La chiaccherata che vede come cornice una gremita piazza San Domenico, i ritmi scanditi dalla giornalista Bianca Stancanelli mostrano uno spaccato del privato del procuratore nazionale antimafia, più (normale), più vicino a chi lo ascolta. L’uomo, Pietro, si racconta. Il sogno di essere utile al prossimo, si avvera nella sua professione. Le rinunce, le scelte in nome di quel sogno che ancora oggi è energia che alimenta ogni nuova ricerca, indagine, lotta. È divertito e sereno e la giornalista Stancanelli è entusiasta della presenza dei tanti giovani che sono ancor auna volta la speranza, la forza. Nel periodo della formazione, Grasso ha avuto la fortuna di incontrare e poter far suoi gli insegnamenti di Falcone e Borsellino custodendoli e mettendoli in pratica ne momento della sua attività per il Maxi processo a Cosa Nostra del 1986. Il vero inizio alla lotta alla mafia, il passaggio fondamentale che ha consentito di conoscere e capire l’entità del fenomeno mafioso per il procuratore, è la collaborazione di Tommaso Buscetta che fornì una nuova consapevolezza del funzionamento della mafia e dei gruppi clandestini di potere della Cupola Siciliana. Un incontro che fece nascere la consapevolezza di come la mafia dovesse essere perseguità come entità e non come insieme di crimini separati.
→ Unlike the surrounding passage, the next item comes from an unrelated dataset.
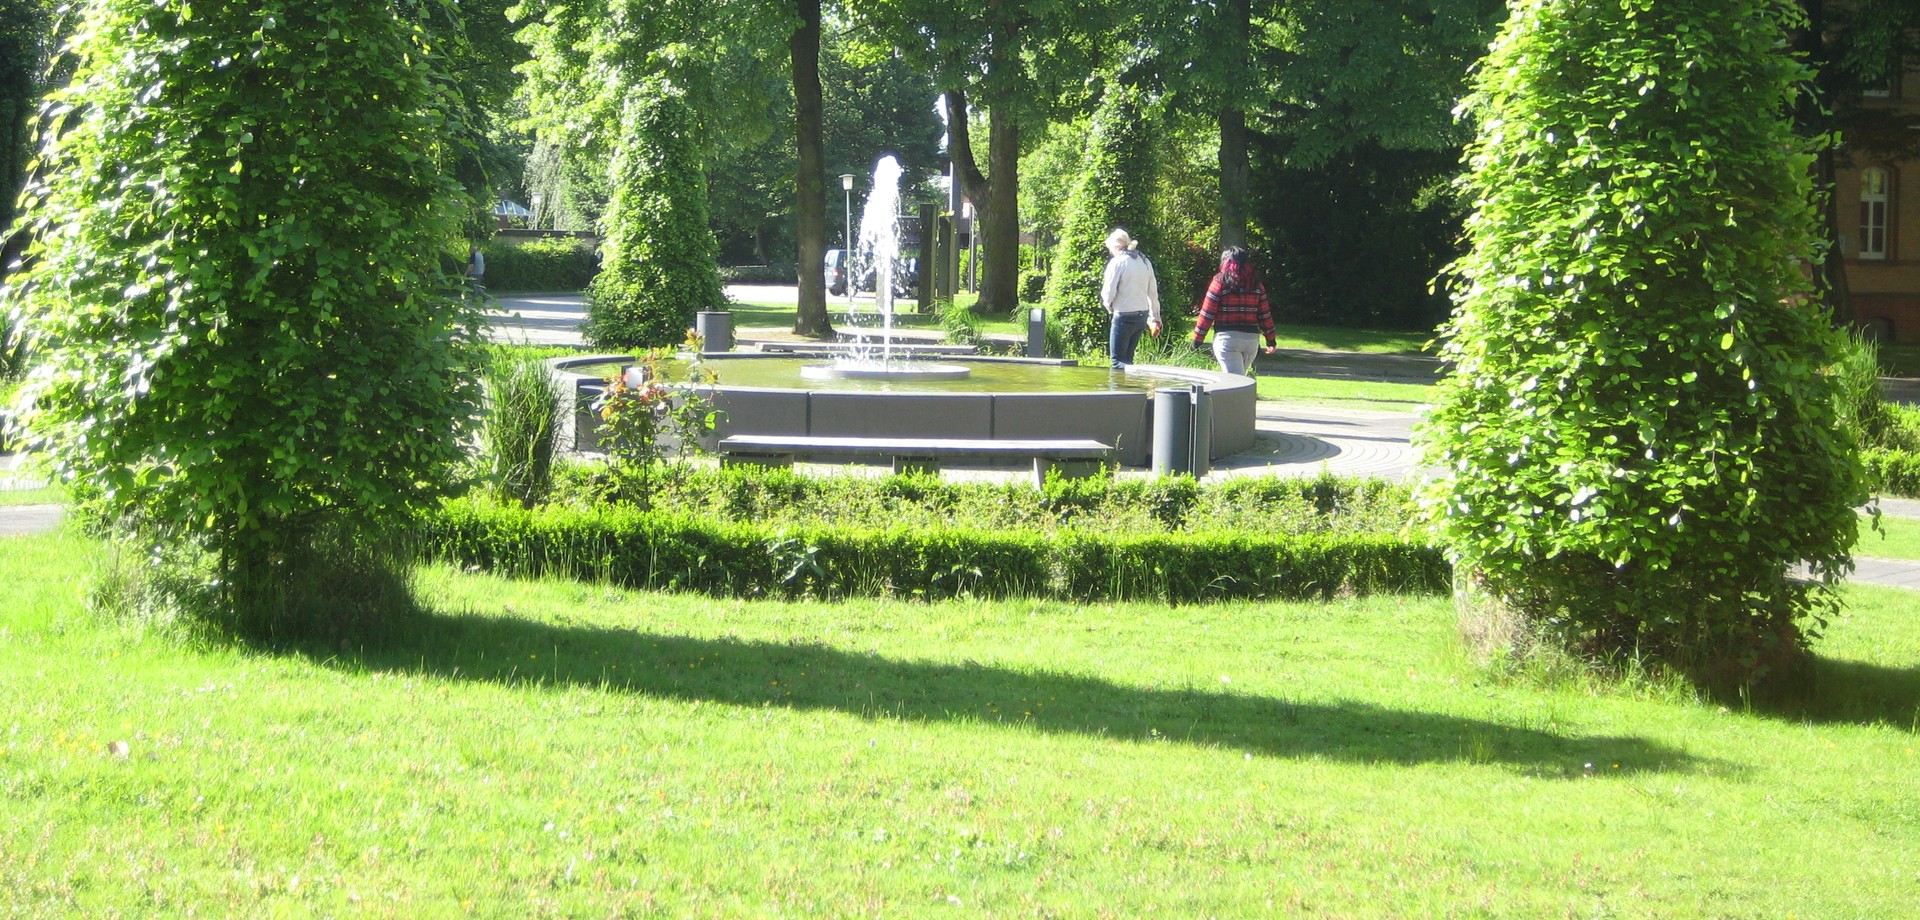 Zwei Frauen gehen an einem großen, sprudelnden Brunnen vorbei  Sie sind von hinten fotografiert. Der Brunnen ist von grünen Bäumen umgeben.

Anche dal suo racconto emerge, evidente, l’intreccio tra il malaffare e le istituzioni. Certo è interessante capire come si possano tenere insieme l’espansione e la metamorfosi delle mafie, con la corrispendente crescente evoluzione della coscienza civile? Grasso ancora una volta riflette, ripesca nel suo vissuto, nei suoi studi, i colletti bianchi, la nuova criminalità che si veste di attività lecite. Anche nel lavoro di contrasto, nell’antimafia dei fatti, spesso gli arresti e le indagini vengono poi annullate dall’operato di altri magistrati, colleghi quindi verrebbe da chiedersi ma allora come si può sperare? “Abbiamo bisogno di eventi eclatanti e gravi per auspicare il cambiamento in Calabria?” si domanda Grasso.
La risposta è no,bisogna invece continuare a credere nel sogno, a lottare e fare il lavoro che si ama, soprattutto per chi ha la fortuna di averlo considerandolo un piccolo passo verso la felicità.
m.n.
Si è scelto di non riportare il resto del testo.